**RECORDED DATA**
****************

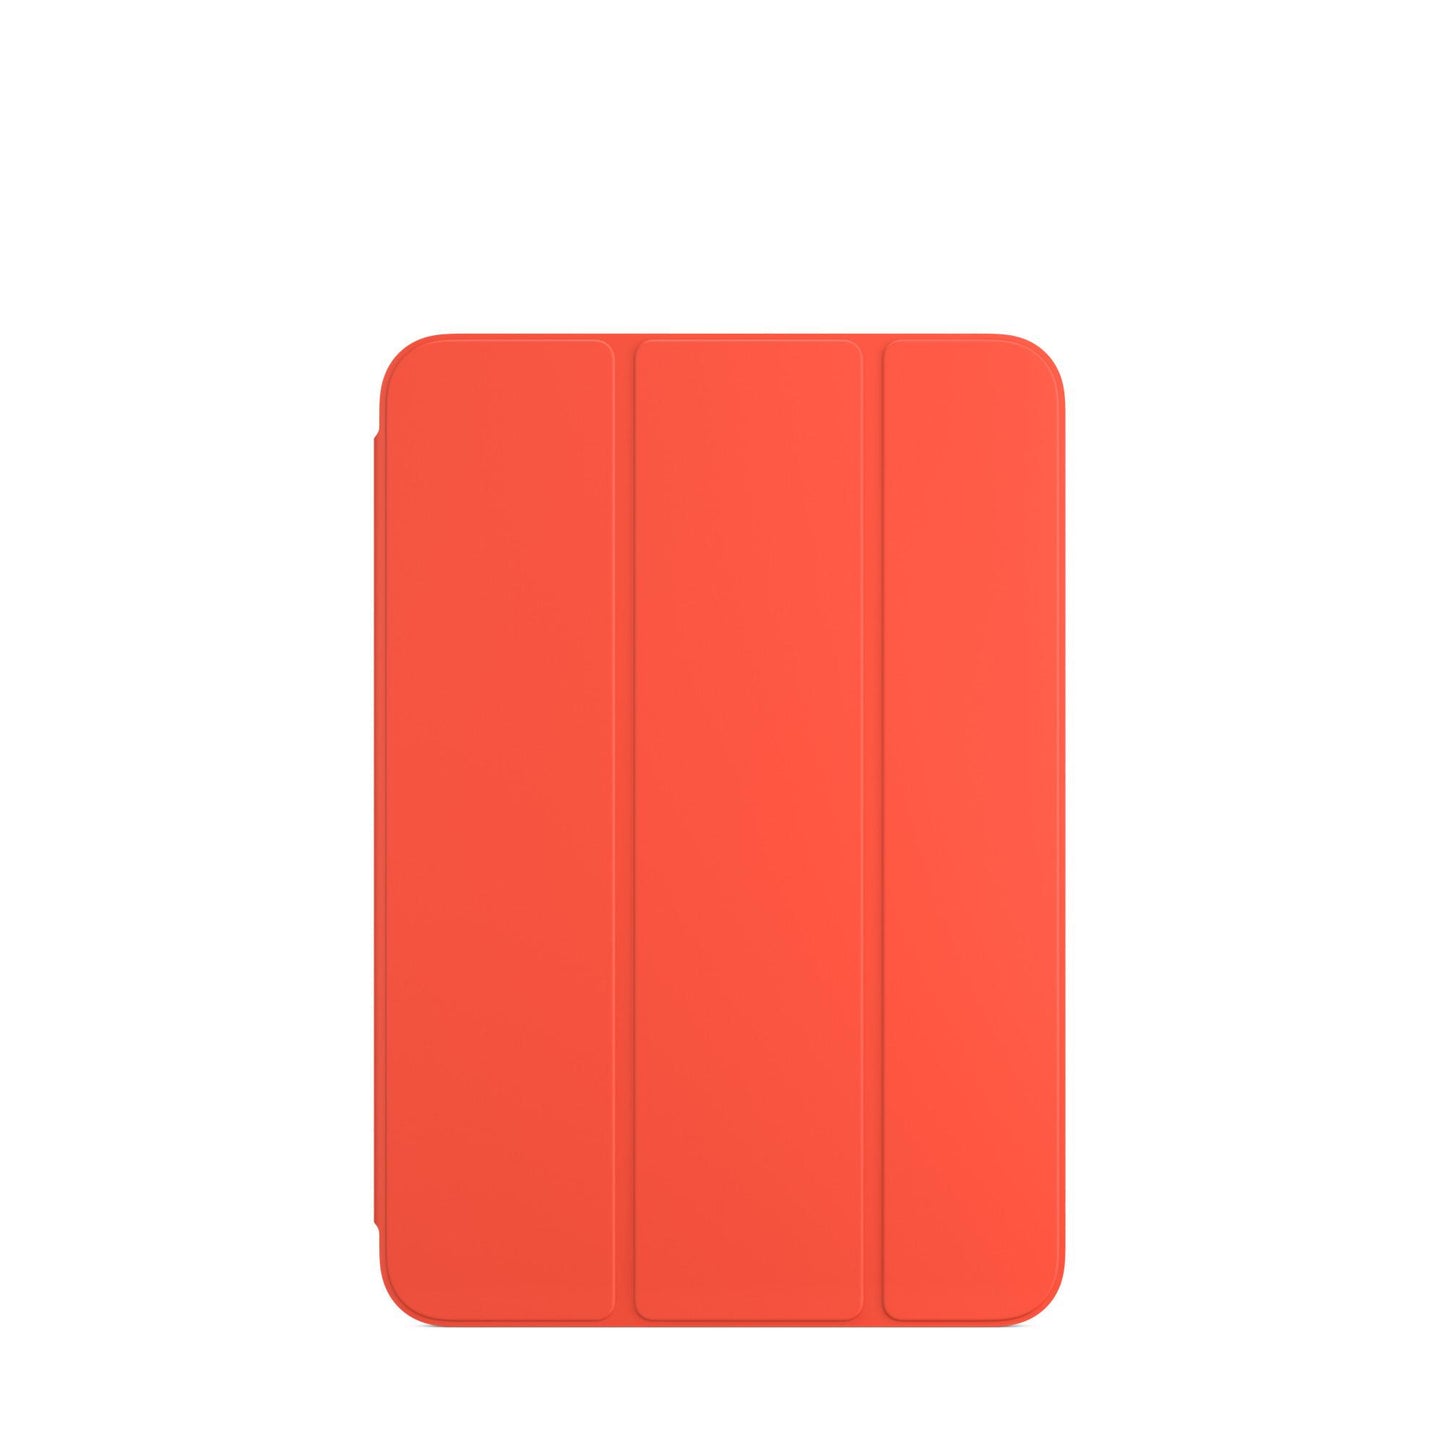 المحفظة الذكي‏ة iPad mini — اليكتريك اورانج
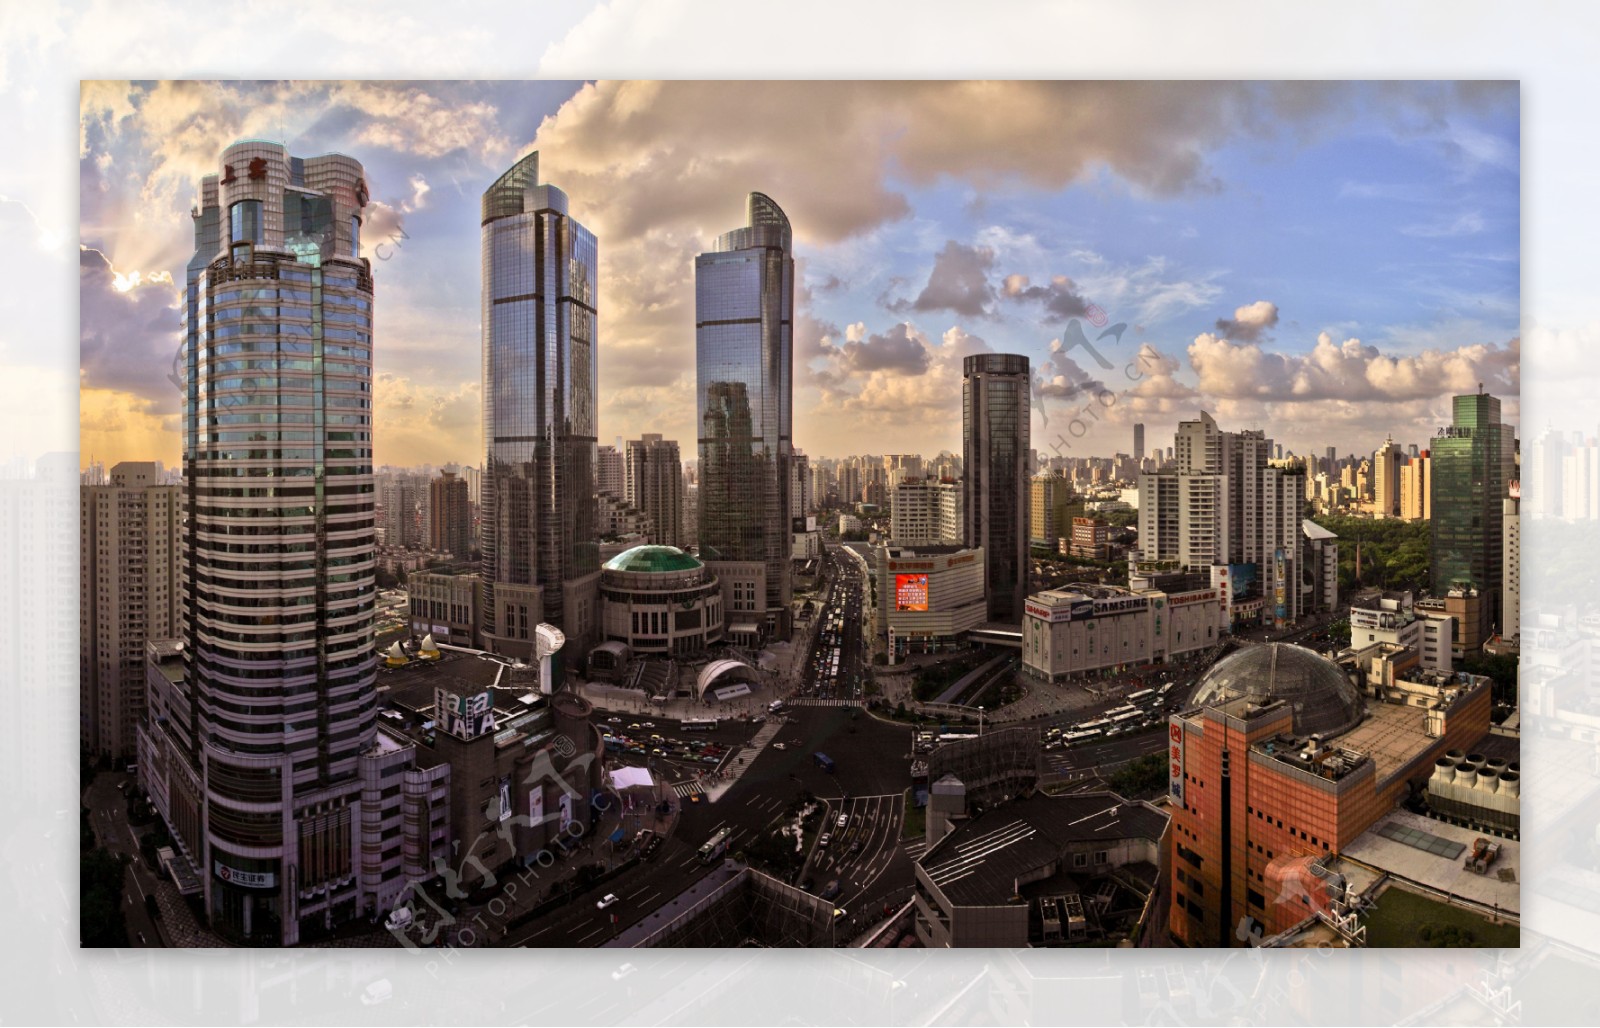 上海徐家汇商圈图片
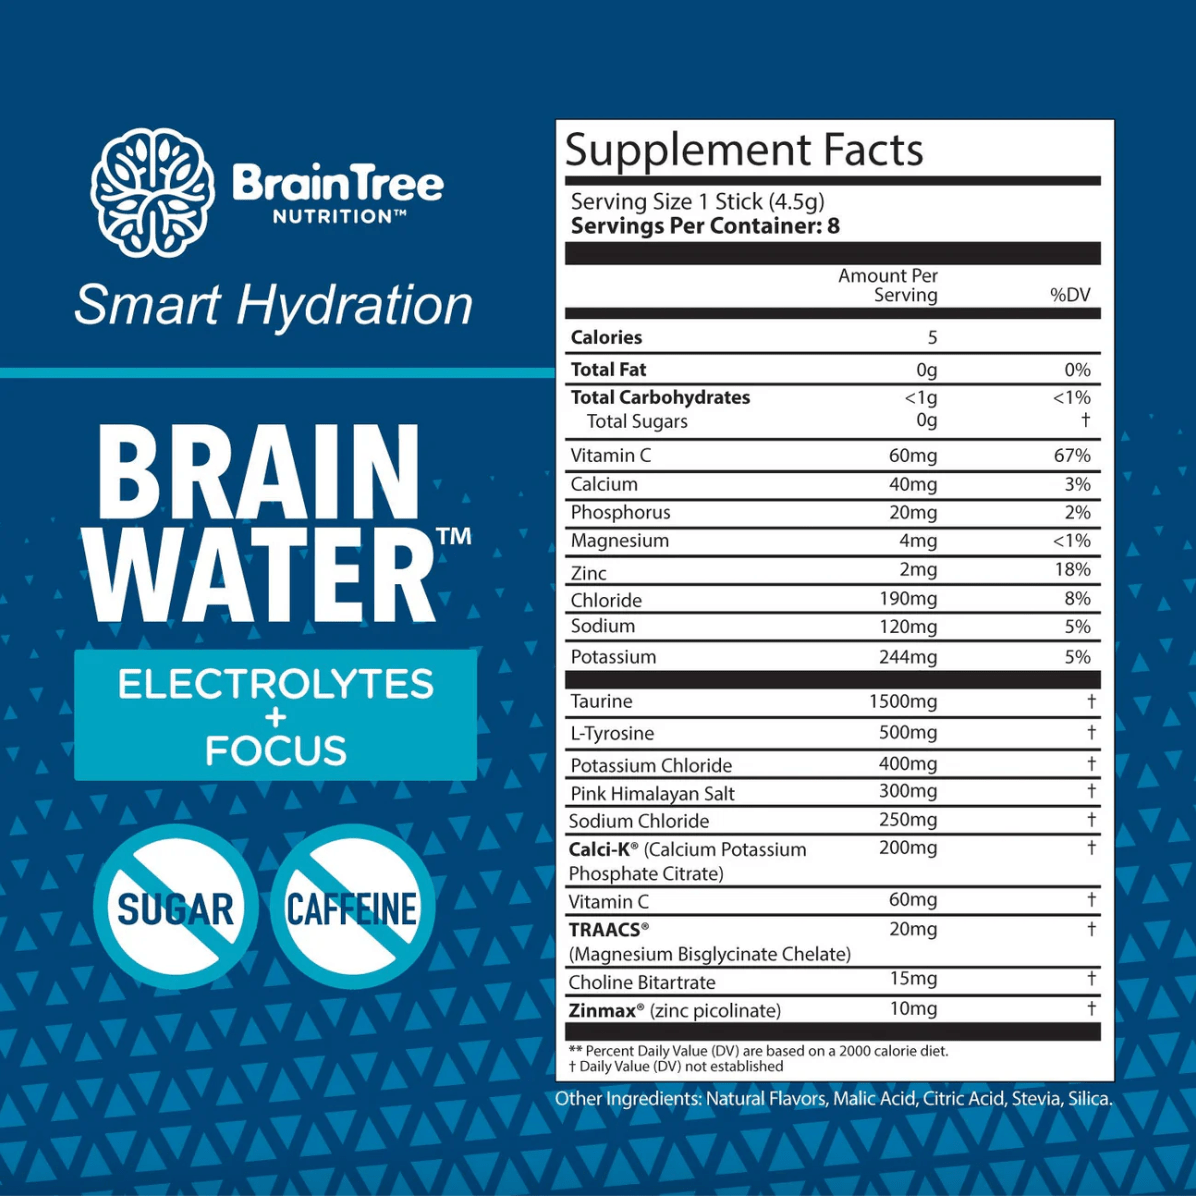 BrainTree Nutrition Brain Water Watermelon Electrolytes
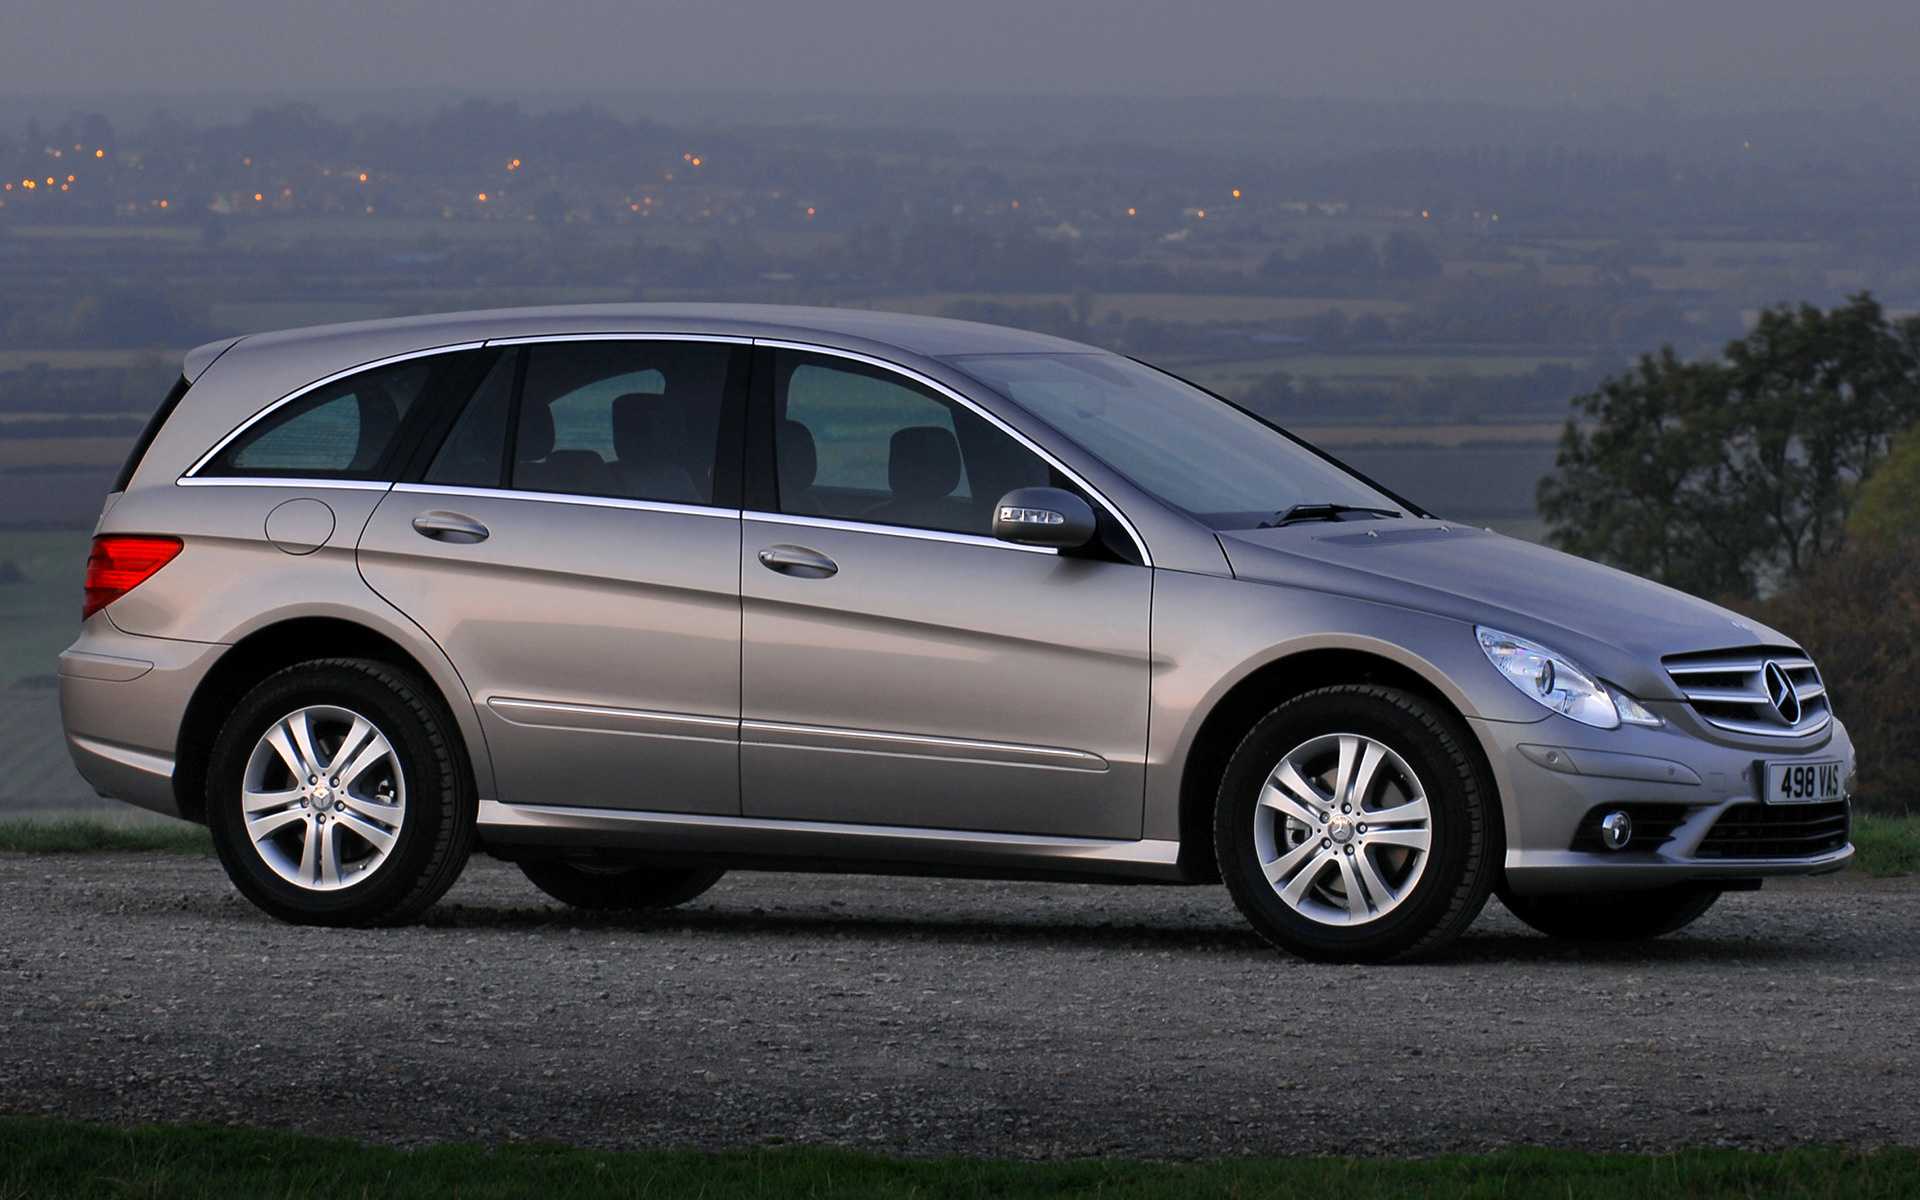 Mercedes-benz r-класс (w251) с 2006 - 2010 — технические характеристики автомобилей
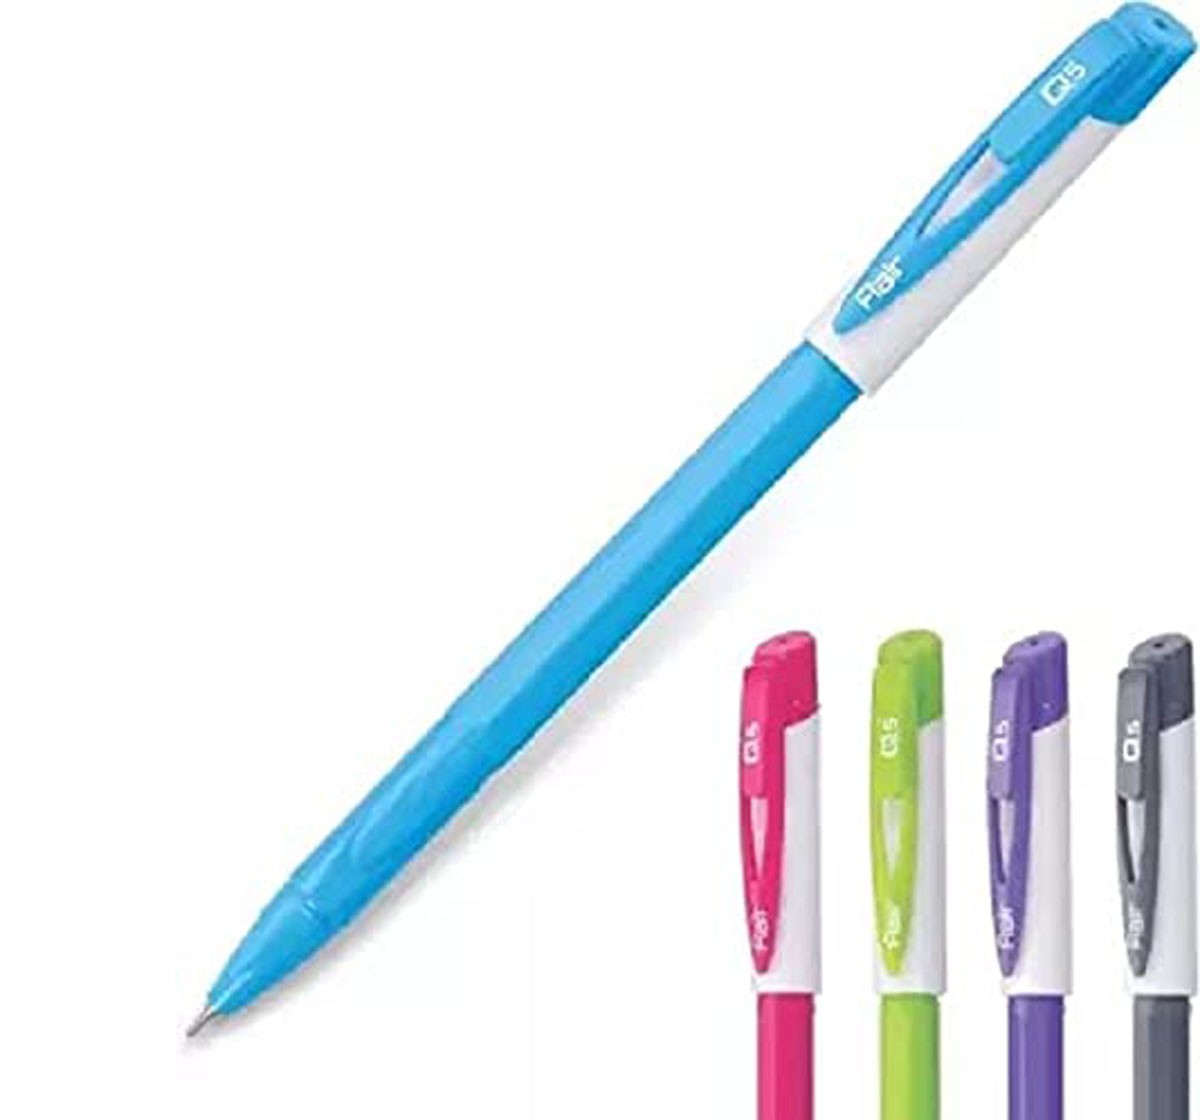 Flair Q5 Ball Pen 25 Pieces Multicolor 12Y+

****************

**ABOUT THIS EXERCISE**
Please transcribe the entries exactly, omitting the images.

**RESULT FOR THIS EXERCISE**
 المحفظة الذكي‏ة iPad mini — اليكتريك اورانج
 上海徐家汇商圈图片
 BrainTree Nutrition Brain Water Watermelon Electrolytes
 Mercedes-benz r-класс (w251) с 2006 - 2010 — технические характеристики автомобилей
 Flair Q5 Ball Pen 25 Pieces Multicolor 12Y+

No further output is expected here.